Is that my problem? I saw America first. Almost all of it, by the time I went to boarding school in 1963. Everything but the Old South and Arizona (and the two new states). Wasted, all of it was, on someone who responds to “natural wonders” in a decidedly pre-Romantic manner. Show me a majestic mountain range, and I’ll show you an obstruction. Show me Manhattan’s skyline, and I’ll show you a majestic mountain range.
“America the Beautiful”? Either I’m crazy or they’re crazy. I panted to go to Europe because I believed that there were beautiful things there. As indeed there are. Grosvenor Square (with your back to the Embassy). Wilton Crescent. Not every square inch of Paris is beautiful, certainly (the Champs-Elysées is rather a shock, if you’re not looking straight ahead), but most of it is either lovely or interesting. A lot of New York is interesting, but hardly any of it is genuinely beautiful.

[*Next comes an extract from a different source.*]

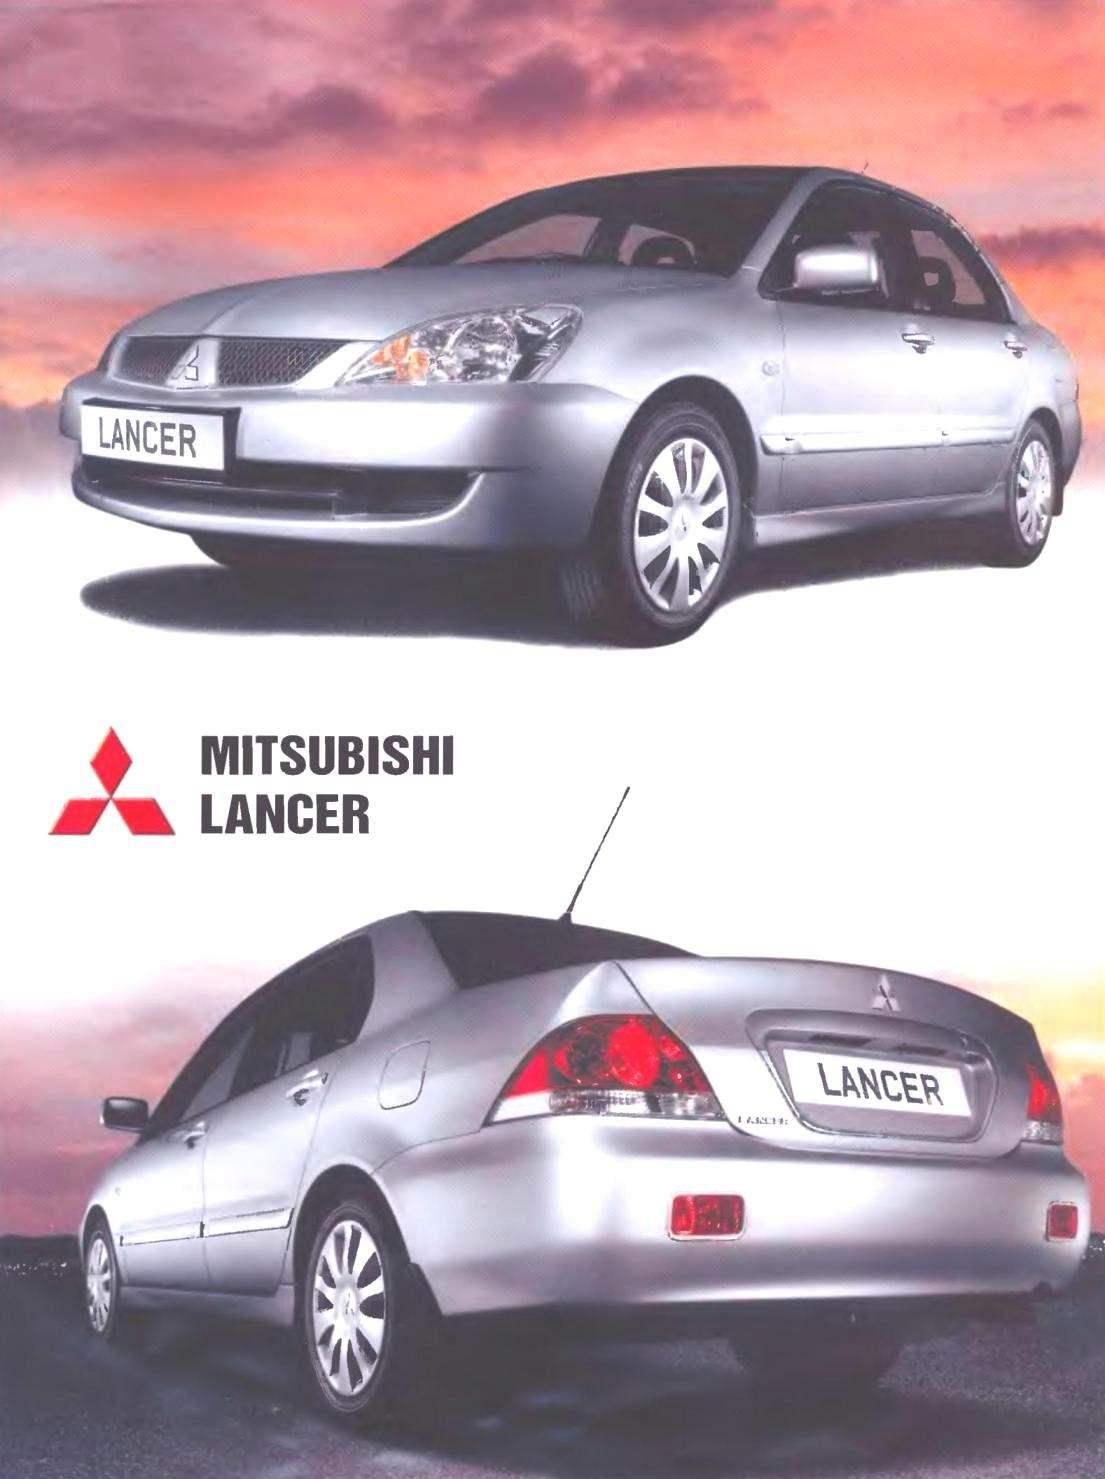 В 2005 году Mitsubishi Lancer стал в России «Автомобилем года» и лидером продаж в гольф-классе благодаря оптимальному соотношению цены и качества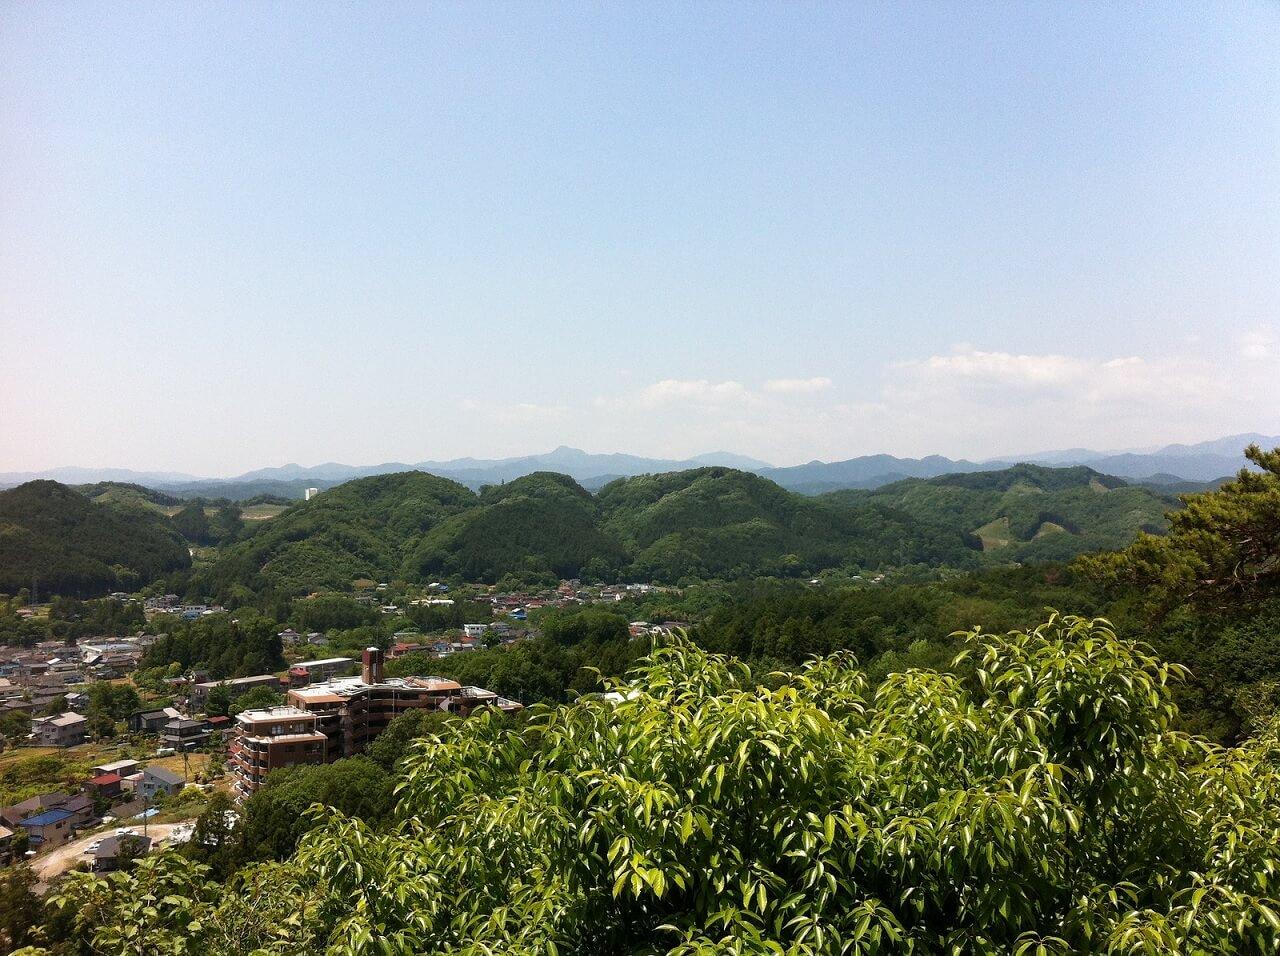 Panorama visto dal monte Tenran (Tenranzan), nella prefettura di Saitama

The Empire State Building, for example — it’s the perfect skyscraper, and I love it to pieces. But beautiful? It’s too big to be beautiful.
New York is better at jolie laide. The Plaza and the Dakota, both designed by Henry Janeway Hardenburgh. The central block of the Metropolitan Museum of Art is uglier every time I look at it. The scale is so off! Or, rather, there are two scales. The pillars and the portals belong to different designs. I’m not saying that I wouldn’t trade it in for the Sully Wing, but I wouldn’t tear it down, either.
Lake Louise, the most beautiful spot that I have ever visited on this side of the Atlantic (or the Pacific), is not in the United States. But even if it were, I have to tell you that I’ve no need to see it again: its beauties were perfectly captured in Springtime in the Rockies, probably because Daryl Zanuck made sure that they were. I’m content to watch the movie. When, by the way, will it come out on DVD? Probably never, now. Thank you, Steve Jobs.
Don’t you wonder, whenever you find yourself on Michigan Avenue in Chicago, why somebody decided to build a really big Cannes on the wrong side of the Arctic Circle? That’s the United States for you. Everyone says, brave new world. We left the Old World behind. To which I say, ha. Or, rather, Washington, DC.
As you can see, I can’t bring myself to talk about the natural wonders. Such as Mount Rushmore! I saw Mount Rushmore once. I had already seen North By Northwest, though. Actually standing by those dinky telescopes on a hot summer afternoon was a whole lot less interesting without Cary Grant and Leo G Carroll, let me tell you. I had a lot more fun the previous summer when I stayed, with my parents, at the Ambassador East in Really Big Cannes. It was a lot easier to imagine Cary Grant and Eva Marie Saint in the deeply piled corridors of the Ambassador East Hotel than it was at a scenic outlook below Mount Rushmore.
I would not by any means call myself a people person, but I have absolutely no interest in rocks or the plants that like to grow on them — excepting, of course, the granite outcrops that bind Manhattan to the Westchester of my childhood. Them I like. Come to think of it, they must have been Henry Janeway Hardenburgh’s principal inspiration, working at a deeper inspirational level than the language of equally metamorphic Beaux Arts ornament that clads his famous façades.
Anyway, I saw America first, and I don’t recommend it. Remember that Peggy Lee song, “Is That All There Is?” I was singing it at fifteen. Happily, the answer was “no.”